Jim the 256 has liners the 233 in the early 5600 do not show any


----------



## Tx Jim (Jun 30, 2014)

Thanks for explanation. I have a difficult time deciphering parts descriptions in Ford/NH parts catalogs. I wonder why my 6700 required a crate engine due cavitation hole in cylinder wall because it's listed to have 256 cid or 268 cid engine?


----------



## seventyfourci (May 13, 2014)

Were you running a coolant conditioner and is that cavitation or electrolysis?


----------



## Tx Jim (Jun 30, 2014)

Engine was replaced before I purchased the 6700


----------



## seventyfourci (May 13, 2014)

Are you running a coolant conditioner at this time?

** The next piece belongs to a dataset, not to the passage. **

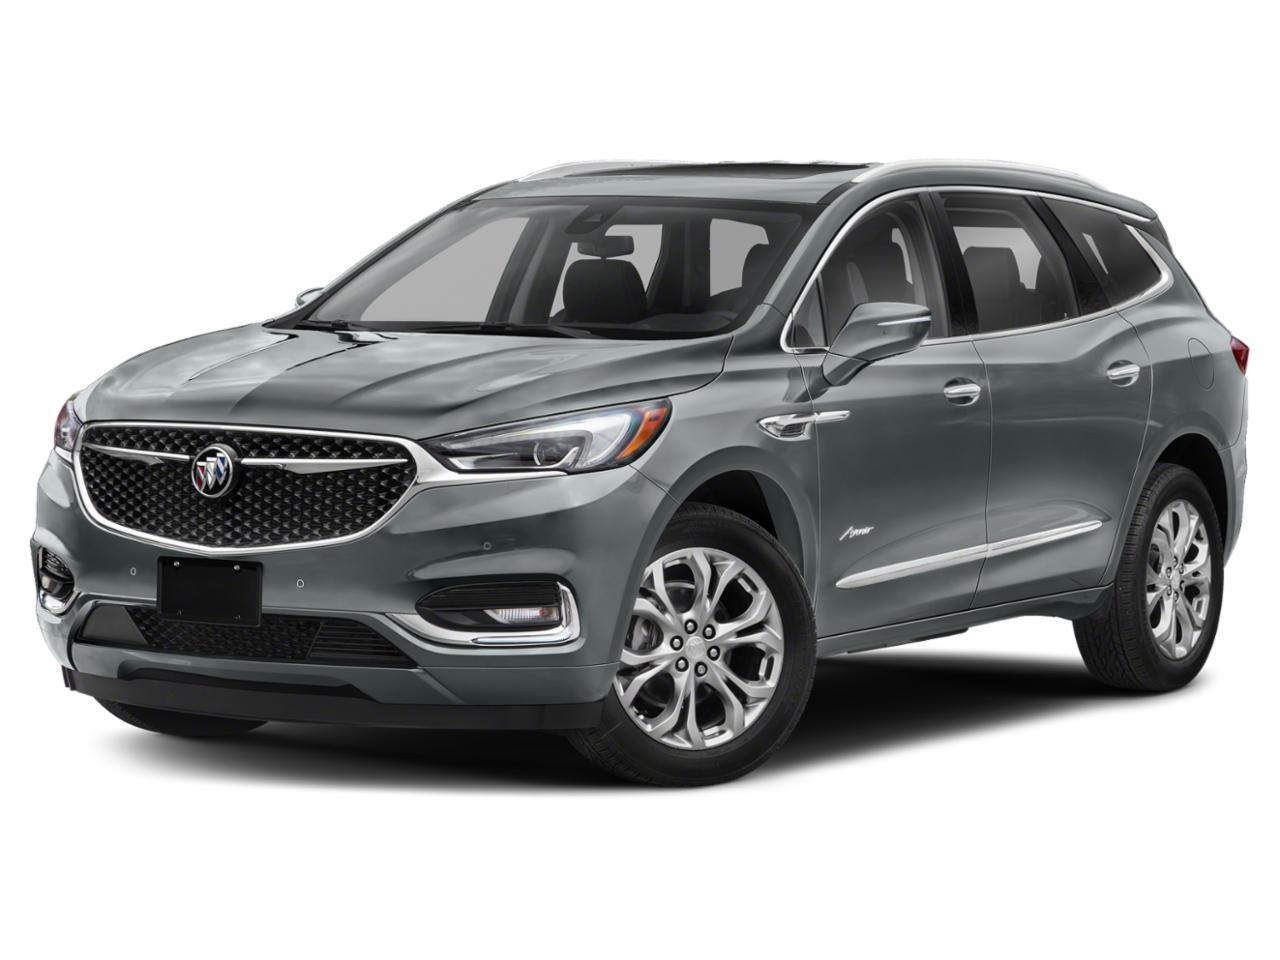 Satin Steel Gray Metallic 2020 Buick Enclave ESSENCE SUV Lexington NC

If not I would look into one might save you a short block.


----------



## Ox76 (Oct 22, 2018)

Make sure you dip check your coolant every year with coolant testing strips to keep up on the conditioner required. This will keep any future cavitation problems at bay.


----------



## Tx Jim (Jun 30, 2014)

Checking coolant condition is very important. I put Cool-Gard in my tractors cooling systems


----------



## danwi (Mar 6, 2015)

Tough call on 12,000 hour tractor, what condition the rest of the tractor is in with that many hour?. I would guess possibly broken rings, head needs work, crank would need to be checked. How much are you willing to spend 1 2 3 4 5 $10,000? Might have 4 to 5 if you do the work maybe close to 10 if someone else does it all? Also would do the clutch if it hasn't been done recently while apart.


----------



## seventyfourci (May 13, 2014)

The tractor is sound which a sound tractor can always jump up and bite you on the ass hell a new tractor just out of warranty can jump up and bite you on the ass. I am not going to buy a new tractor and buying one I know nothing about does not appeal to me so I am going to rebuild the one I have made friends with. The new flywheel and clutch kit is already in the shop along with a oem hydraulic pump and a seal kit for the steering column. I will do all the work myself. I dont care for the dealer closest to me which is a 100 miles next one about 175 miles and not much better than the closest one. I have built blown alcohol engines, small and big block chevys and fords, hot rod 2 stroke dirt bike and atv motors, Polaris watercraft 2 stroke motors, detroit motors, and the list goes on as long as I can get a service manual with spec sheets they are just nuts and bolts. However I have not built any ford tractor engines. I am hoping any potential pitfalls can be avoided communicating with other hay makers and of course a oem service manual. The 5600 is a tractor that is mechanic friendly and parts are available however they seem to be going up every day. My biggest problem will be finding a warm body to help me split it and finding a local machine shop to do the machine work that is qualified.


----------



## danwi (Mar 6, 2015)

Sounds like you know what you are in for. I do agree About putting money in something you already know verses the unknown. And I also agree with keeping this old stuff going when diagnostics and electrical stuff cost so much and can be a pita. Doing your own work is the deal breaker that's why I said $10,000 if you you took it to a shop and have them do all the work. Sounds you you just need to talk with someone that knows those engines. Good luck


----------



## seventyfourci (May 13, 2014)

Danwi That is what I need but have not found him yet and Thank you.


----------



## HayMike (Mar 22, 2011)

22 years ago, my 4600 holed a cylinder wall, local machine shop bored, installed liners. Still working very well. Only help needed is to lift engine after split, otherwise 1 man job.


----------



## the farmer 3 (Jul 12, 2021)

we had a new engine put in our 5600 about 25 ye a r s ago 

im not sure what size they put in it but it is bigger than the old one

might be a 7600 now


----------



## chevytaHOE5674 (Mar 14, 2015)

Not sure what parts books you guys are looking at but all the ford 3,4 and 6 cylinder diesels thru the years are parent bore motors. They never left the factory with sleeves.

Its possible to bore out a 233 and put oversize pistons and rings in it... But all these motors are known to suffer cavitation issues and pinhole. I never ever ever overbore as I want as much Iron in there as possible.

If the bores are wore (at 12k hours I'd bet they are) I would get a good machinest to bore the block out and press in the thickest wall sleeve the Mahle catalog has. Then bore out the sleeve to factory dimension and run factory size pistons and rings.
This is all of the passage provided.